PREMIER CAPITAL, LLC, etc., Appellant, v. Catherine DAVALLE, Appellee.

No. 3D08-563.

Decided: September 17, 2008

Before WELLS, SUAREZ, and CORTIÑAS, JJ. Rothstein Rosenfeldt Adler and Riley W. Cirulnick and Richard Storfer, Fort Lauderdale, for appellant. Rodham & Fine and Gary R. Fine, Fort Lauderdale, for appellee.

Appellant, Premier Capital, LLC (“Premier”) seeks review of the trial court's denial on the merits of its motion for reconsideration. The motion for reconsideration (“Motion for Reconsideration”) addressed the trial court's granting of Catherine Davalle's (“Davalle”) motion to quash service and its denial of Premier's ore tenus motion seeking an extension of time for service.   The transcript of the Motion for Reconsideration demonstrates that the trial court failed to consider that it was permitted to grant an extension of time for service even without a showing of good cause.   As such, we reverse and remand.

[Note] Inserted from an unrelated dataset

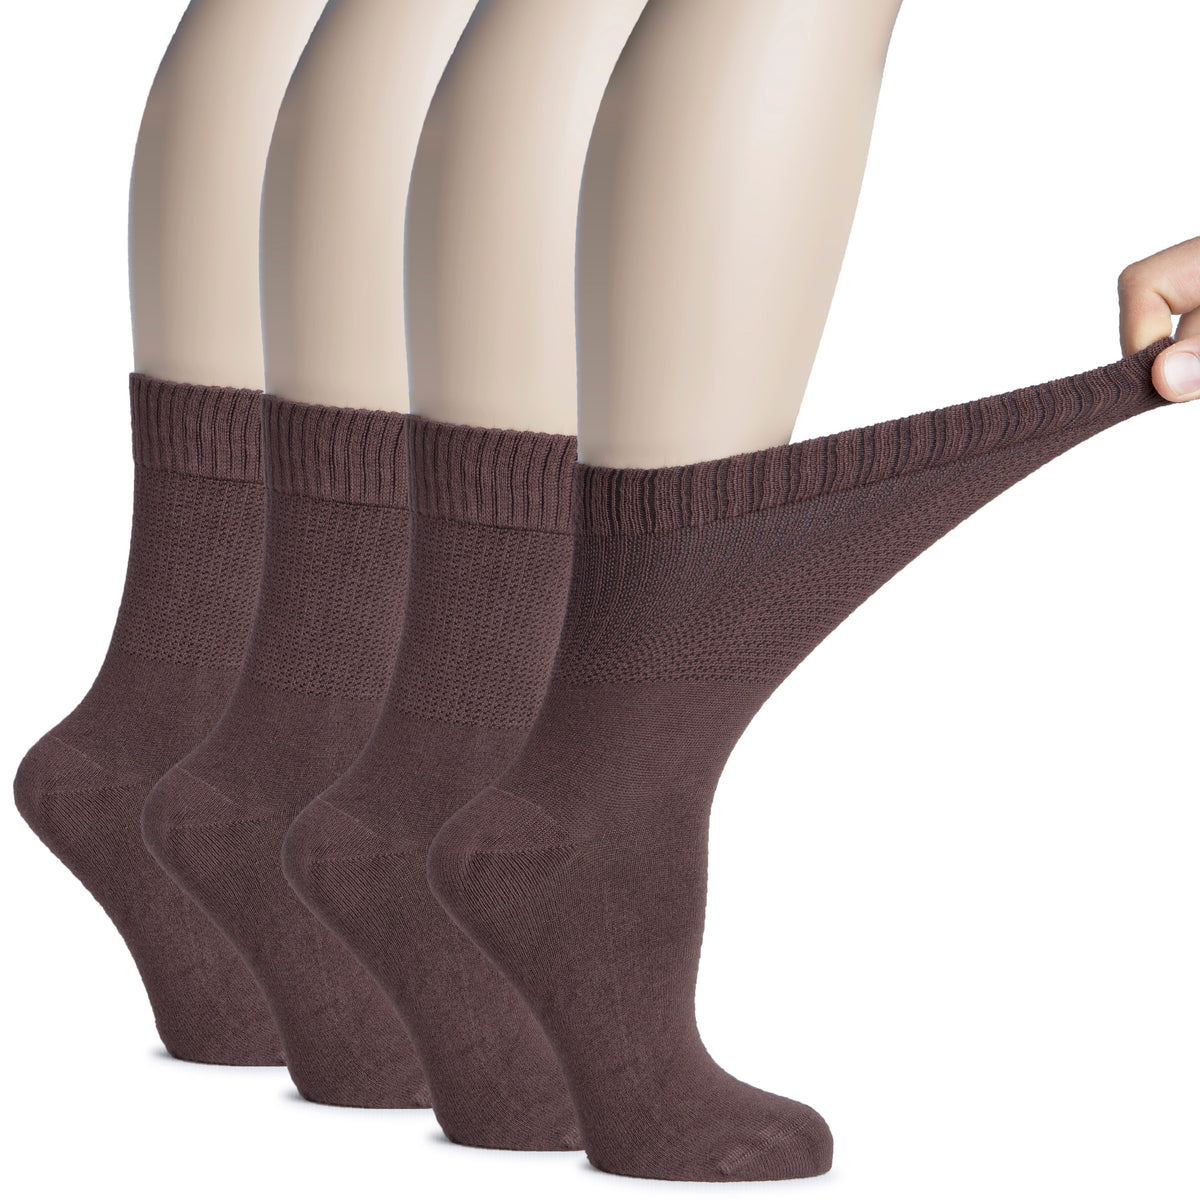 Hugh Ugoli Women's Bamboo Diabetic Crew Thin Socks With Seamless Toe, Soft Socks For Pregnant Women & Elderly People, 4 Pairs | Shoe Size: 9-12 | Light Brown

Davalle personally guaranteed a promissory note entered into by Intelligence Systems, Inc. (“ISI”).  The promissory note and the personal guaranty were assigned to Premier.   ISI defaulted on the promissory note and Davalle failed to make payments pursuant to the personal guaranty.   Premier sued Davalle to recover the monies owed.

The original summons was issued on March 29, 2006.   Davalle was not served within the 120-day time limit set forth in Florida Rule of Civil Procedure 1.070(j).  An attempt was made to serve Davalle on August 4, 2006, at which time the process server was informed that Davalle was “unknown at the given address.”   An alias summons was issued on August 23, 2006.   An attempt to serve Davalle at the same address as that specified on the original summons was made on December 29, 2006.   The process server was informed by Davalle's daughter that Davalle did not live at the address and she refused to give any further information relating to her mother.   A pluries summons was issued on October 1, 2007.   This summons was successfully served on Davalle's husband on October 16, 2007 at the same address as was listed on the original summons and the alias summons.

 Rule 1.070 of the Florida Rules of Civil Procedure provides a trial judge with broad discretion in granting an extension of time to serve process.   See Fla. R. Civ. P. 1.070(j);  Chaffin v. Jacobson, 793 So.2d 102, 103 (Fla. 2d DCA 2001).   The pertinent text of rule 1.070(j) states the following:

(j) Summons;  Time Limit.   If service of the initial process and initial pleading is not made upon a defendant within 120 days after filing of the initial pleading directed to that defendant the court, on its own initiative after notice or on motion, shall direct that service be effected within a specified time or shall dismiss the action without prejudice or drop that defendant as a party;  provided that if the plaintiff shows good cause or excusable neglect for the failure, the court shall extend the time for service for an appropriate period․

In effect, rule 1.070(j) provides the trial court with three options:  “(1) direct that service be effected within a specified time;  (2) dismiss the action without prejudice;  or (3) drop that defendant as a party.”  Chaffin, 793 So.2d at 103-04.   As such, even if no showing of good cause or excusable neglect is presented, the trial court has the option to exercise its discretion to extend the time for service.  Id.;  Carter v. Winn-Dixie Store, Inc., 889 So.2d 960 (Fla. 1st DCA 2004).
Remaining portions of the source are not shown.